▶ PROBLEM REQUIREMENTS
With images removed, transcribe each record exactly as it appears.
INPUT DATA Start Marker
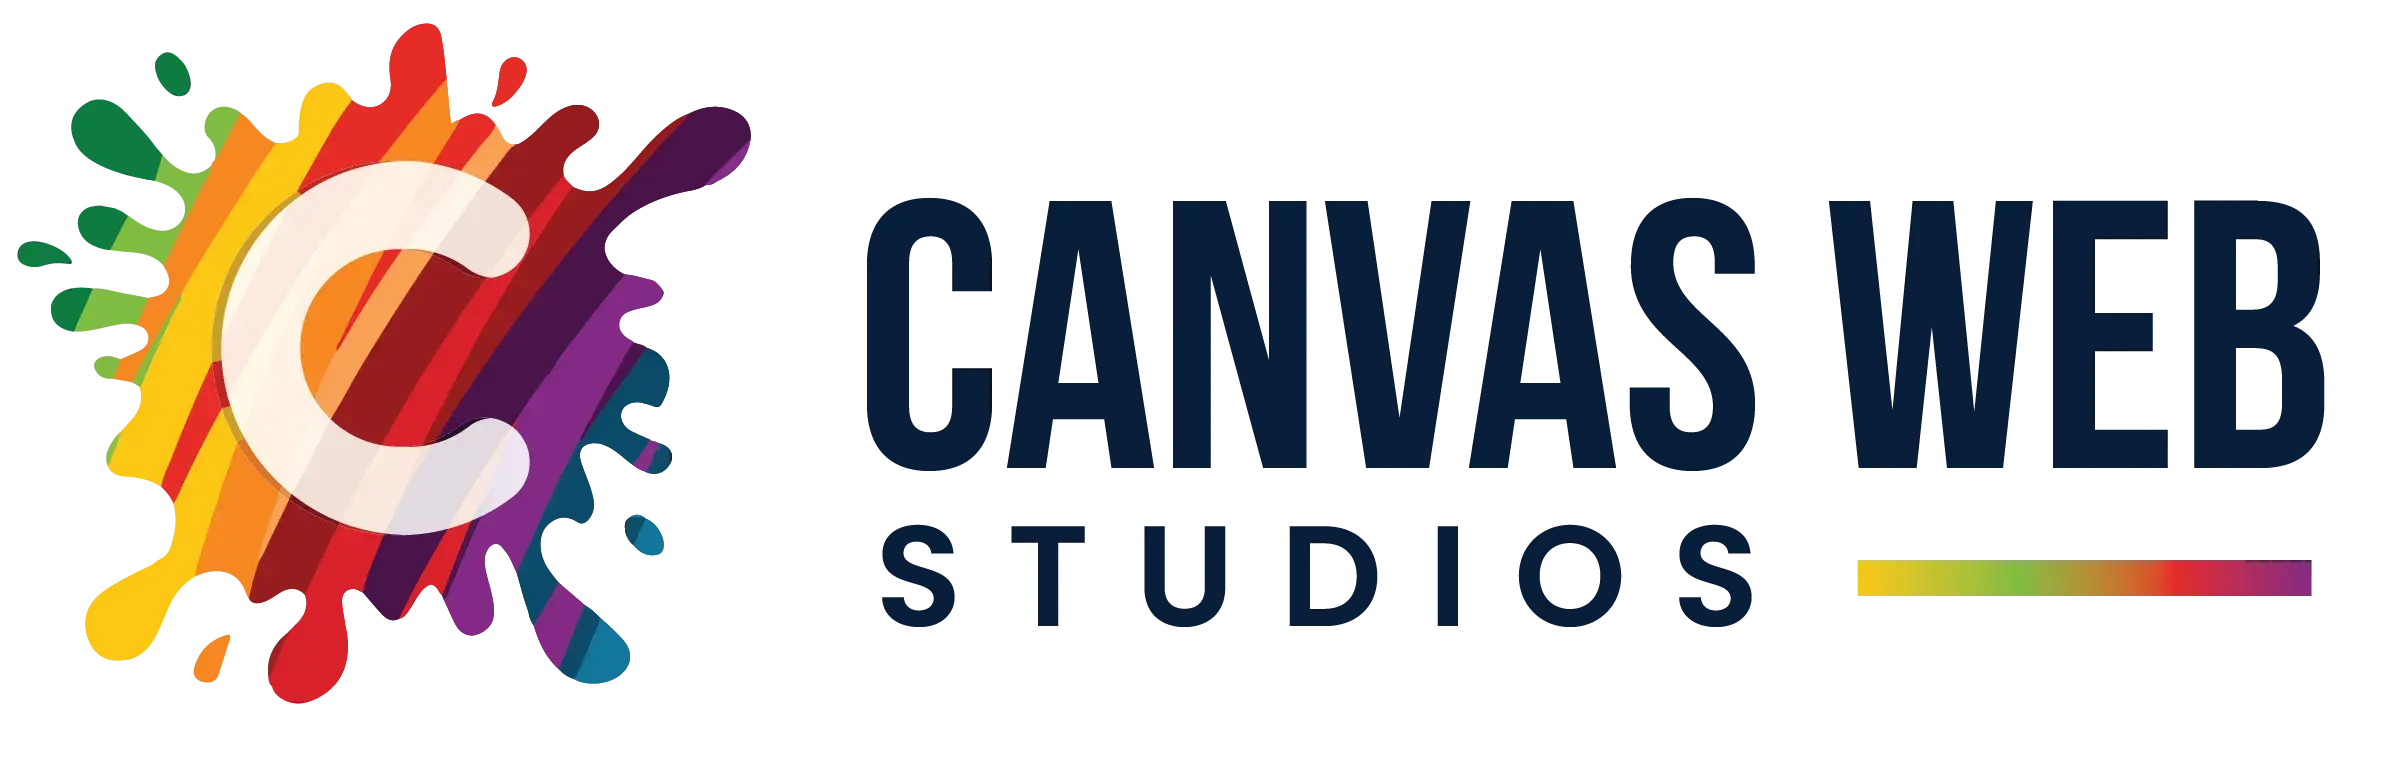 canvaswebstudios
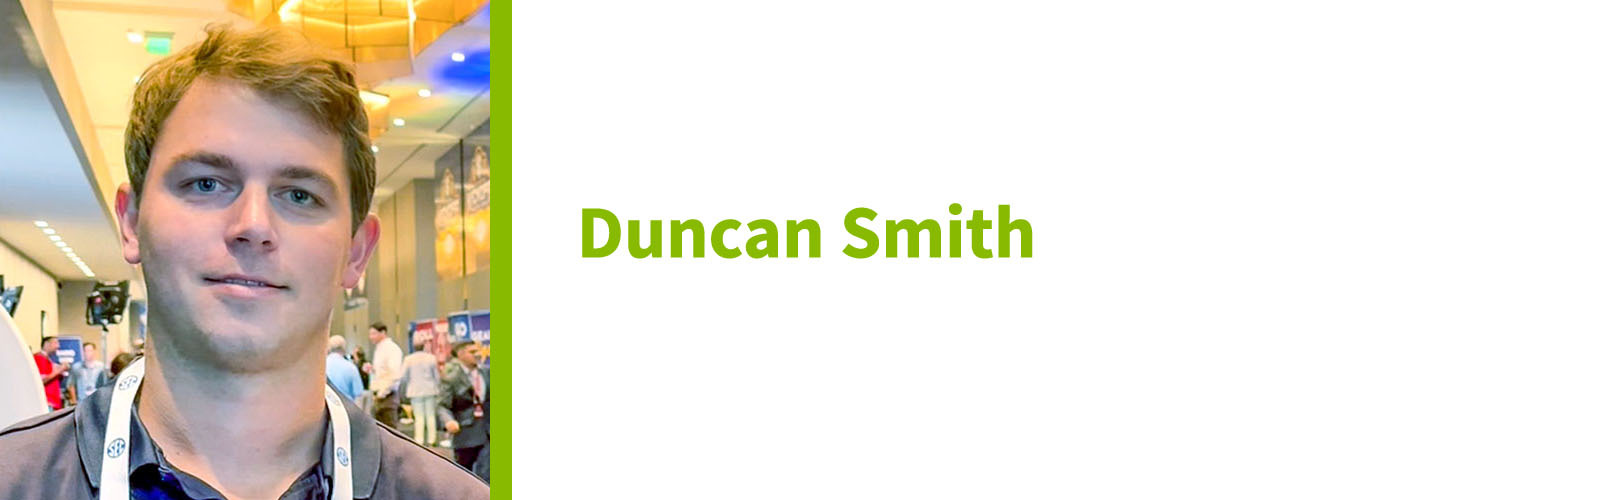 Duncan Smith
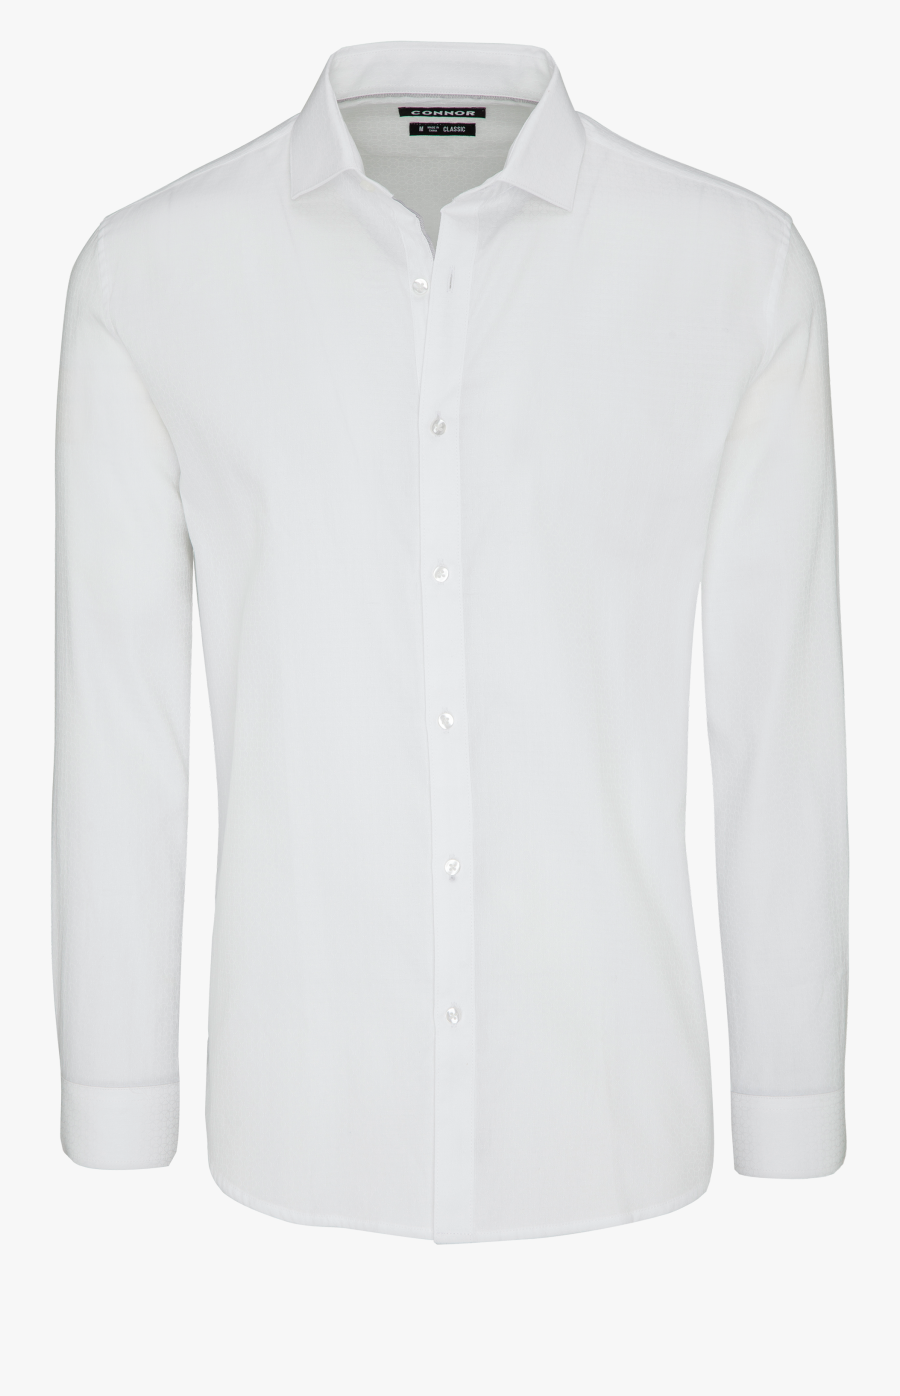 Dress Shirt Clipart Plain White Shirt - White Dress Shirt Png, Transparent Clipart
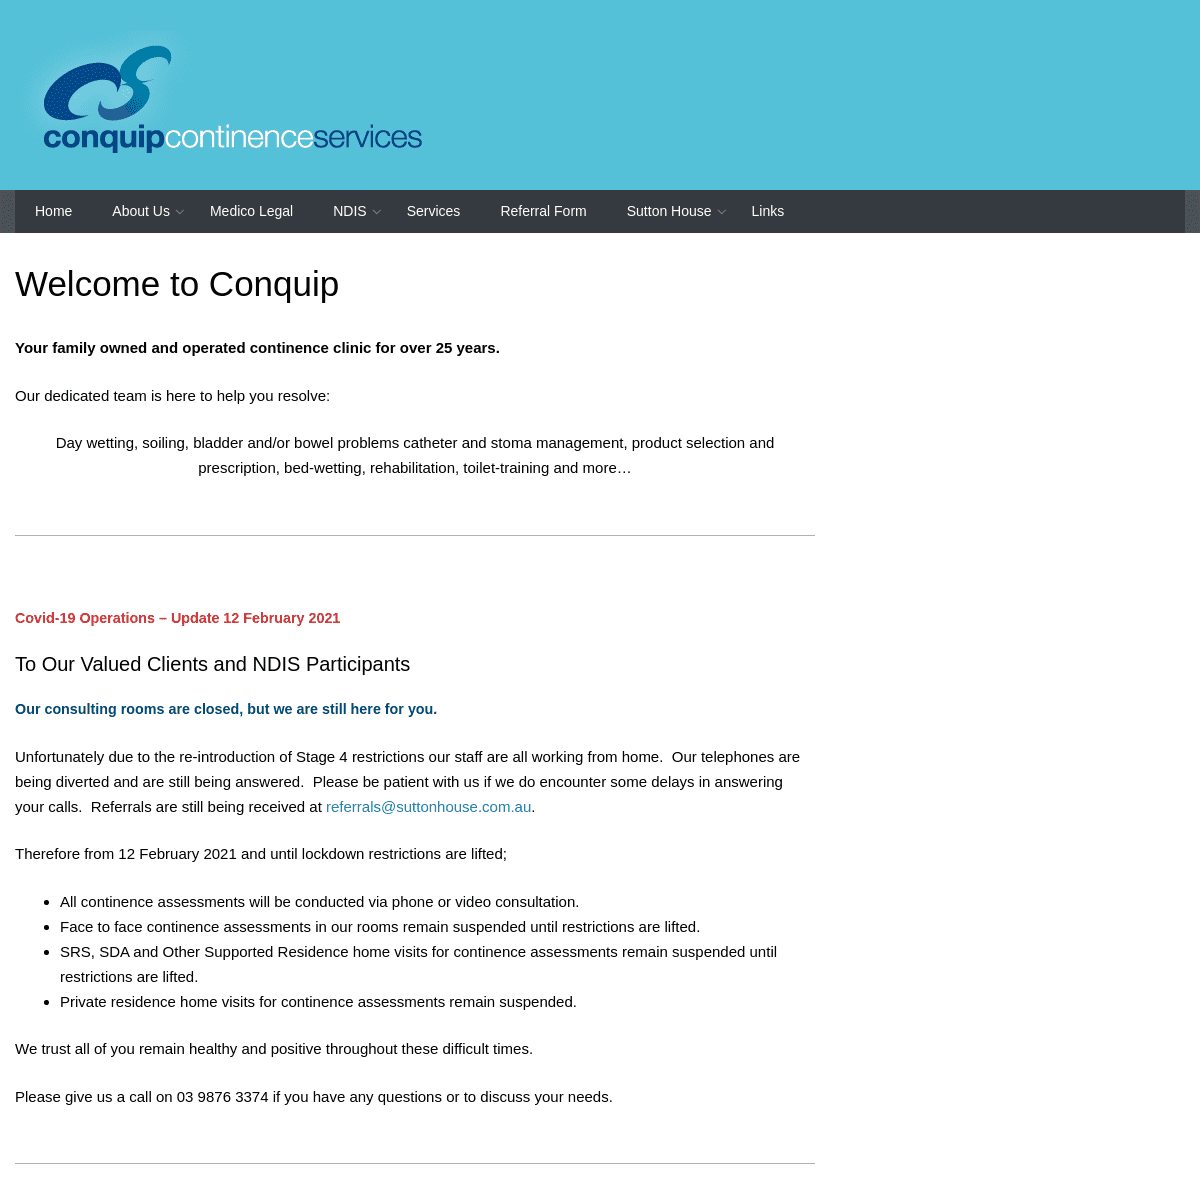 A complete backup of https://conquip.net.au
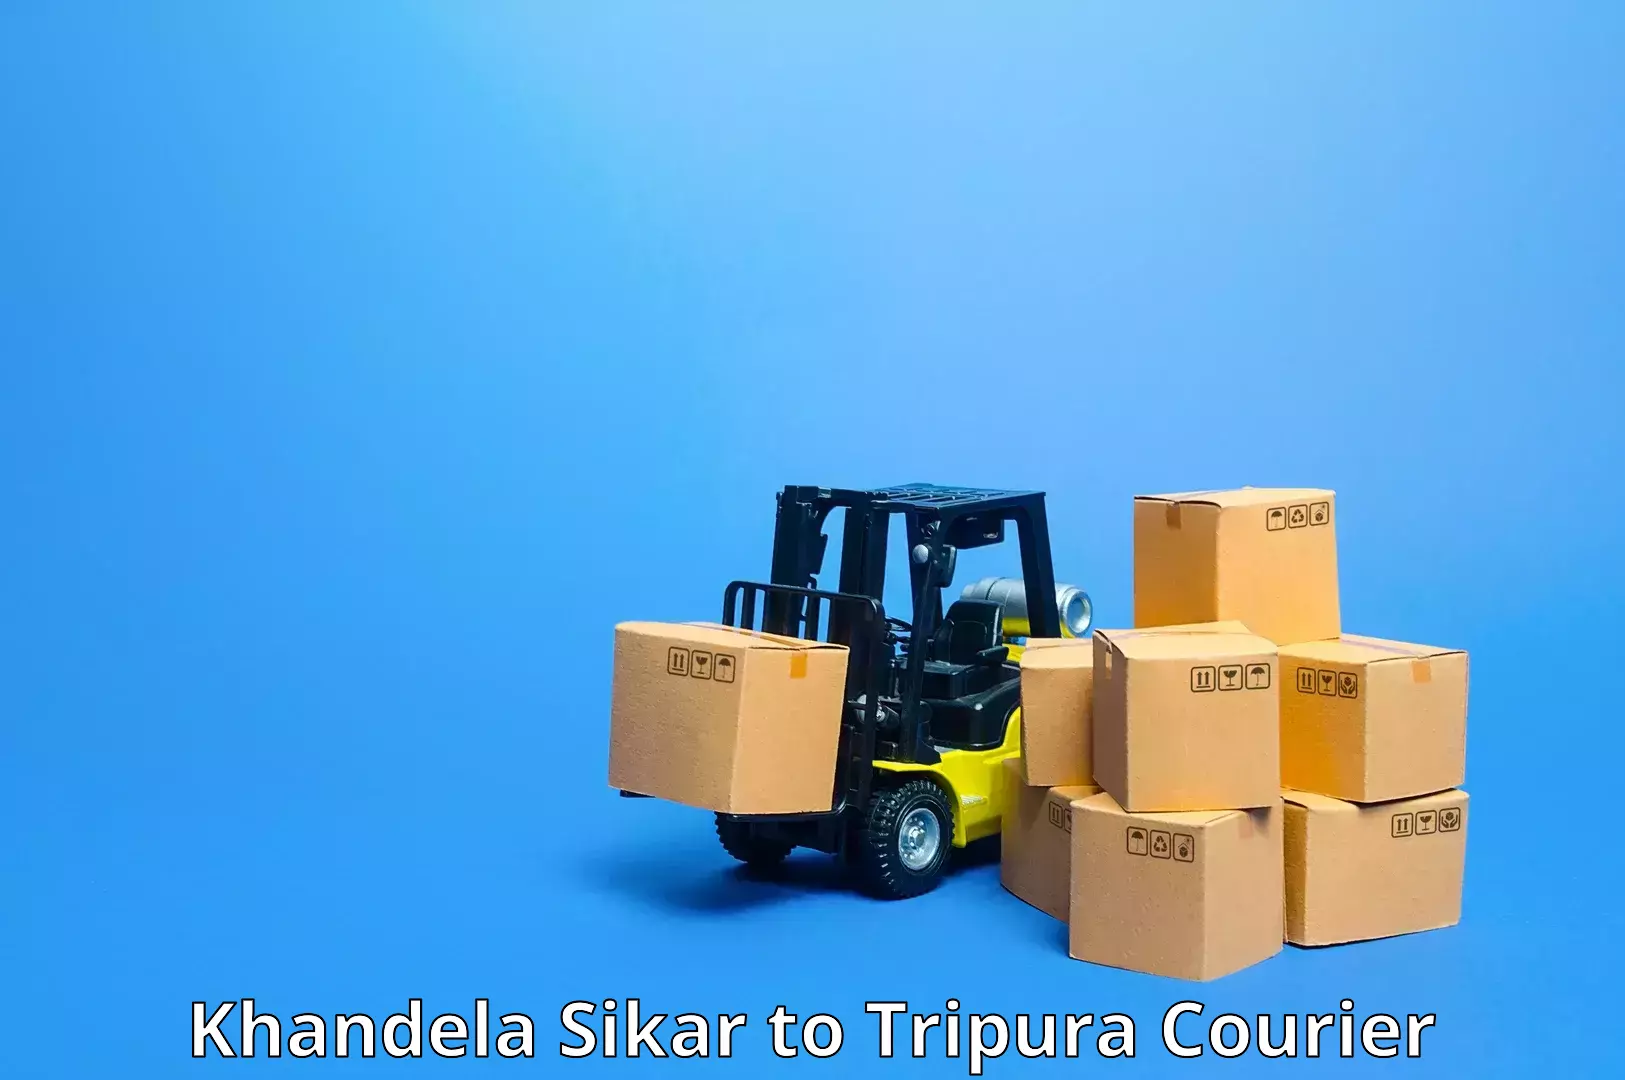 Advanced shipping services Khandela Sikar to Udaipur Tripura
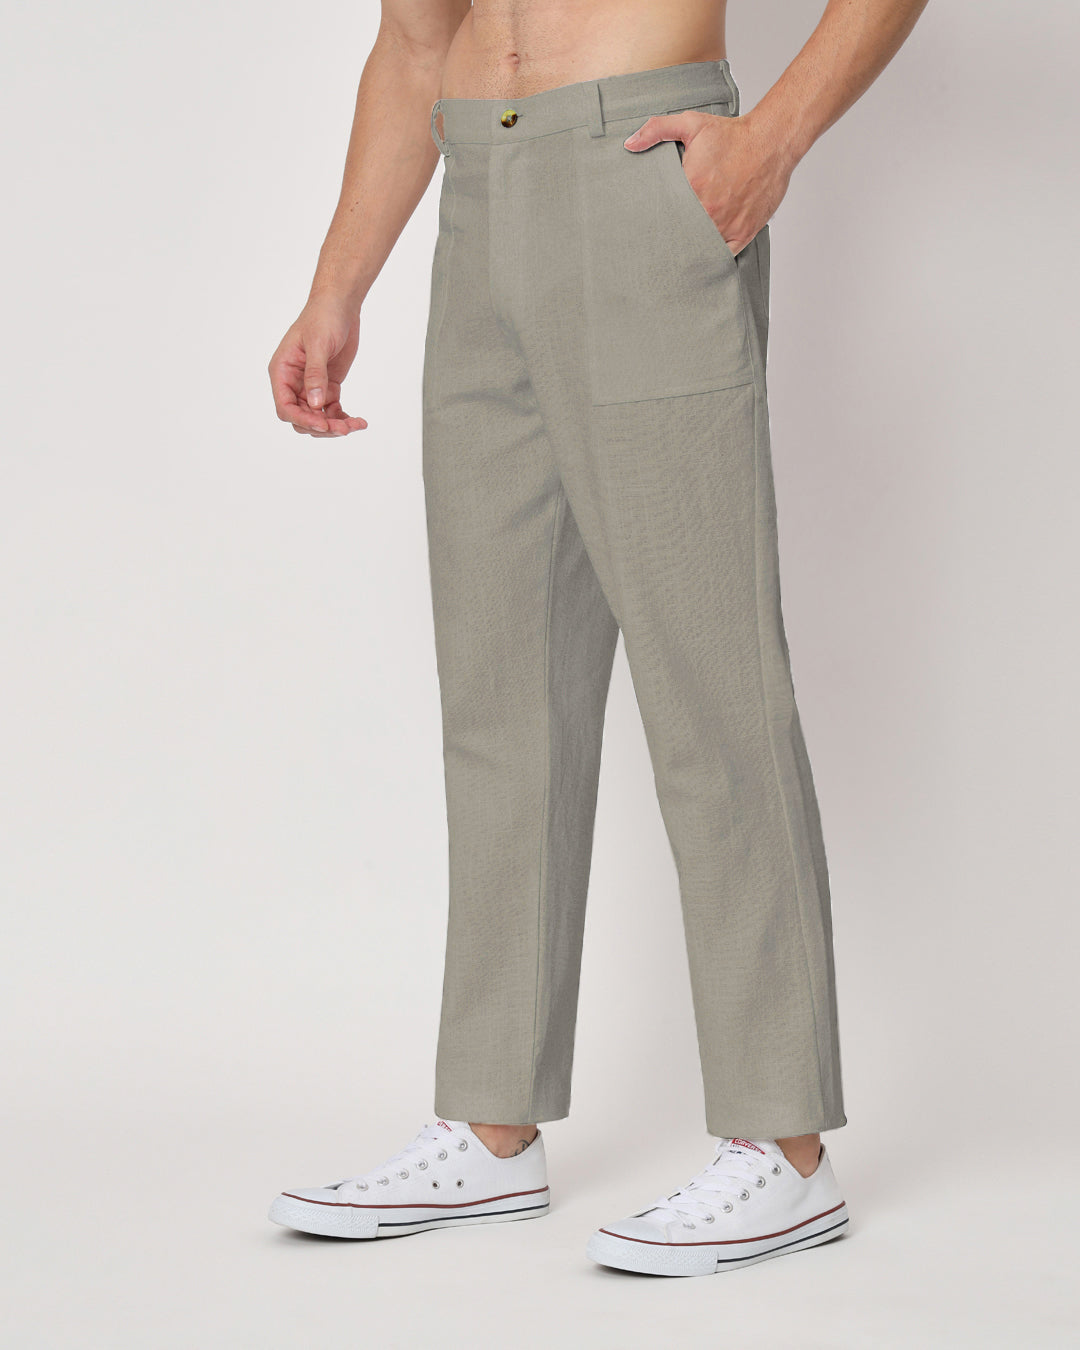 Combo : Comfy Ease Beige & Grey Men's Pants - Set of 2
INPUT DATA End Marker
▶ ANSWER FOR THIS EXERCISE
 canvaswebstudios
 Duncan Smith
 Dress Shirt Clipart Plain White Shirt - White Dress Shirt Png, Transparent Clipart
 A complete backup of https://conquip.net.au
 Advanced shipping services Khandela Sikar to Udaipur Tripura
 Combo : Comfy Ease Beige & Grey Men's Pants - Set of 2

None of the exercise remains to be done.